Эти мысли убивали меня, я не мог дышать. Я громко вскрикивал, чтобы вдохнуть немного воздуха, и мне казалось, что весь дом слышит меня. У меня даже не было сил набрать чей-то номер, к тому же меня сковал страх. Я знал, что, пока я лежу тут один, это наверняка останется обычным отравлением, а если кто-нибудь приедет ко мне на помощь, тем паче вызовет скорую, то выяснится, что у меня настоящая болезнь, и не простой аппендицит, а перитонит или даже панкреатит. Помню, что пробовал моментально научиться тому, чего никогда не умел, — ни о чем не думать. Я представлял себе белое заснеженное поле и белую точку на этом поле, в которую пытался спрятаться без остатка, чтобы заснуть под теплым пушистым одеялом падающего снега, под которое не проникает ни одна мысль. Но стоило мне, опять-таки мысленно, приблизиться к этой точке, как я снова начинал задыхаться, кричал, и белая точка отдалялась от меня на прежнее расстояние, отделенная густой пеленой моих кошмаров.

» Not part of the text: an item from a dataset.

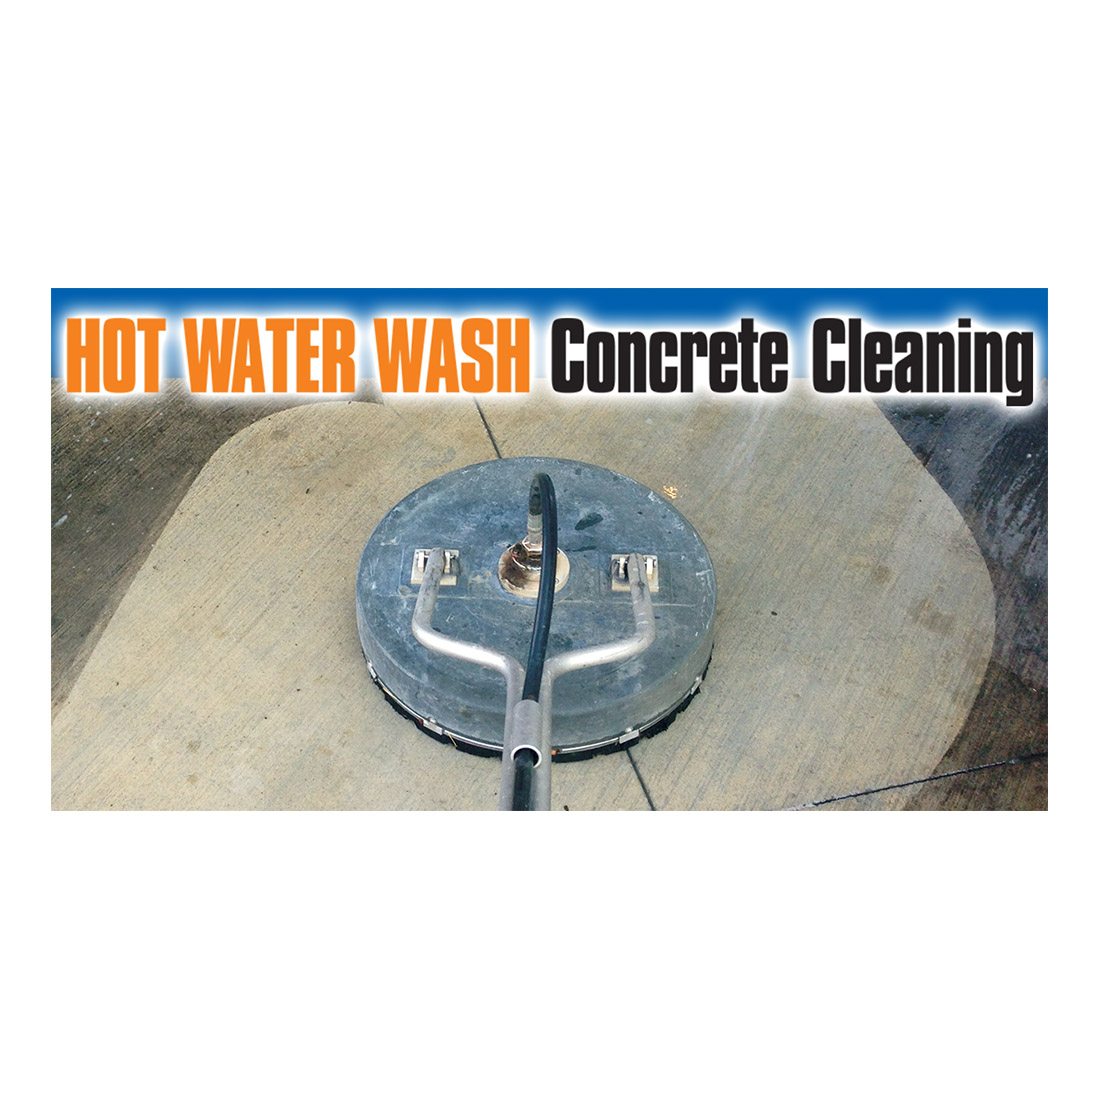 Concrete Cleaning - No Logo - Facebook Ad View

Когда начало светать, меня, наконец, вырвало. Сначала я удерживал рвоту приложенной ко рту рукой, потом, уже на пути в уборную, умудрился ее частично сглотнуть, но это вызвало настоящий обратный фонтан и я, уже падая на колени перед толчком, запачкал весь пол. Помню – что-то проносится перед, как говорят, внутренним взором, тело охватывает мгновенная слабость, и я вижу ту самую белую точку среди снегов, зовущую и манящую меня вечным освобождением. Это же чувство я испытал, когда фрау Ева Нивайер, теперь уже вдова, рассказала мне об их с Ральфом последней поездке в Лейпциг.

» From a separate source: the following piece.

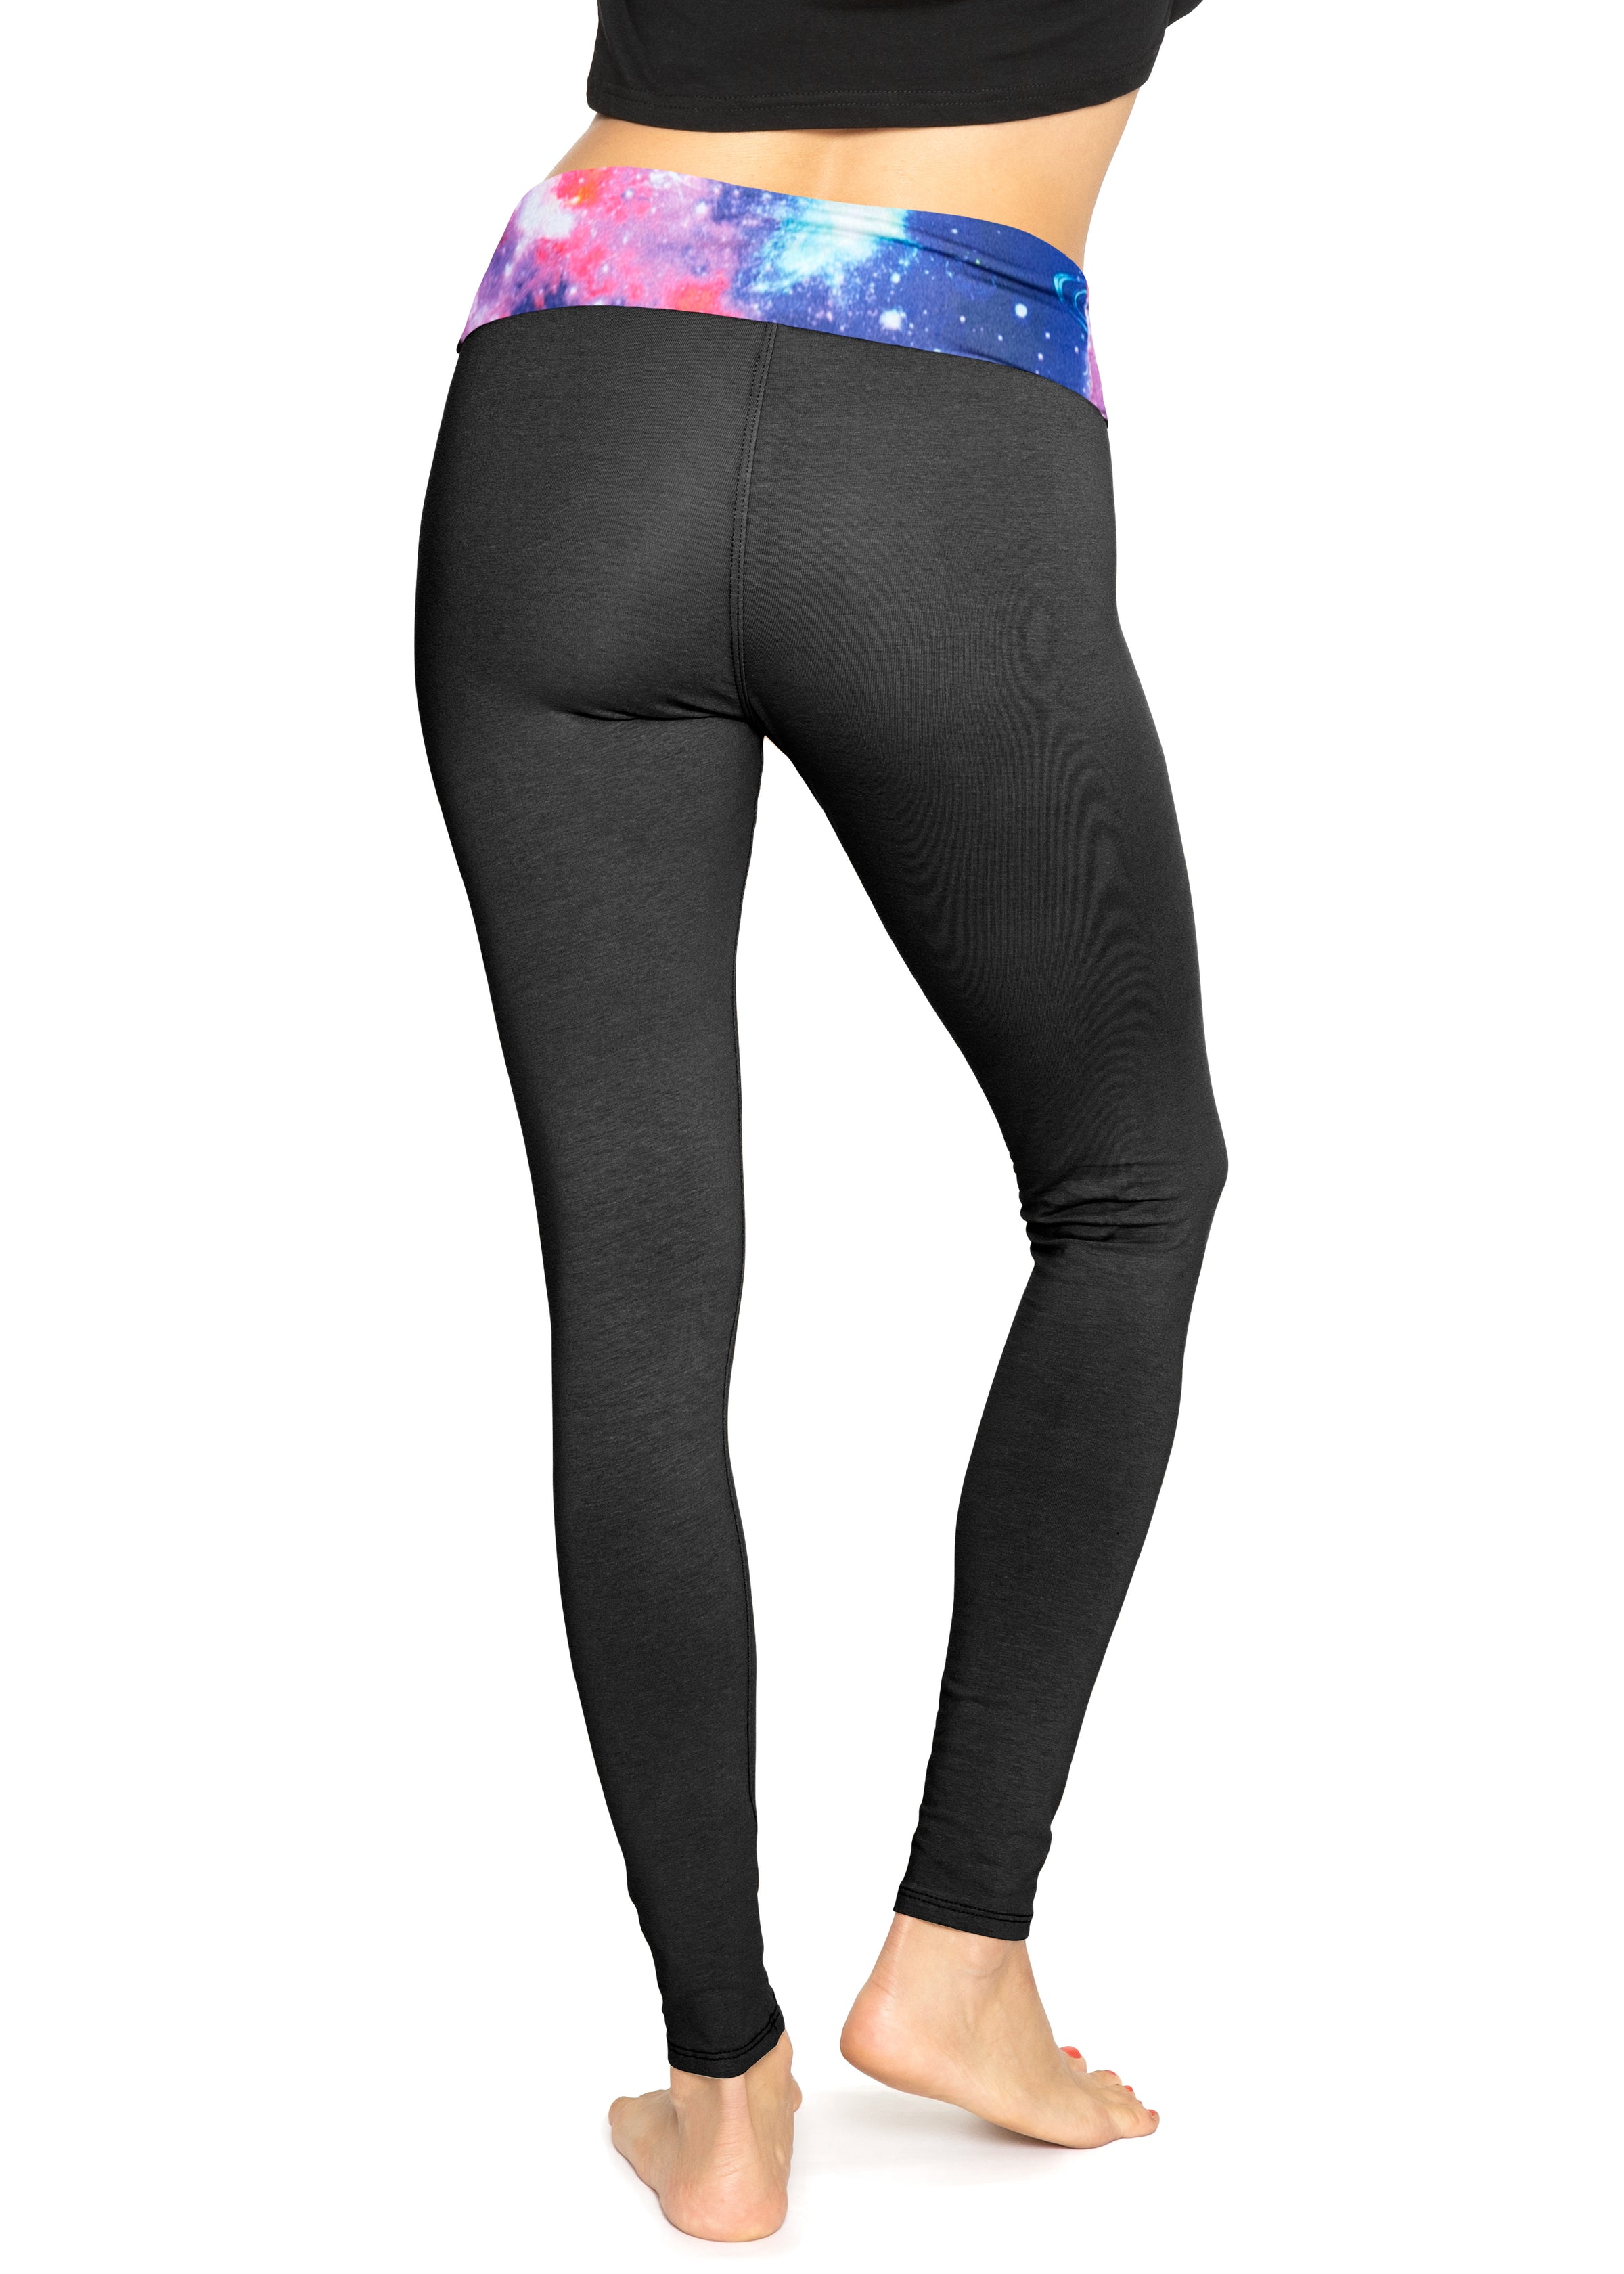 Stretch Is Comfort Women's Cotton Leggings| Adult Small-5x

Мышь выпала из своего читательского оцепенения. Во-первых, Ральф Нивайер – это не какой-то там господин Р. Нивайер, а ее (бывший) близкий друг и советчик по многим вопросам, включая работу и налоги. Когда он умер, она вместе с антрепризным театром из Цюриха, при котором временно состояла ассистенткой режиссера, находилась в Японии на гастролях. С опозданием узнав о смерти, не смогла присутствовать на похоронах. Огромная потеря. Кроме того, ее дела с Маркусом уже тогда шли неважно, а теперь и мирить их стало некому.
Во-вторых, то, что описывает далее Маркус, основано на реальном событии. Сохранив подлинные имена, он как бы намекает читателю: все это должно являться правдой – если не полностью, то содержать минимум вымысла. Вопрос – почему он так делает? Знал ли он, что рассказ отдадут на вычитку в цепкие лапки Мыши? Хотел ли он удивить ее, позлить? Он дразнит редактора, чтобы впоследствии отказаться от публикации, – или у него есть определенные договоренности со вдовой? Ее личные отношения с фрау Нивайер, и без того не слишком сердечные, со смертью Ральфа прекратились вовсе, так что переспросить она не могла, да и не желала.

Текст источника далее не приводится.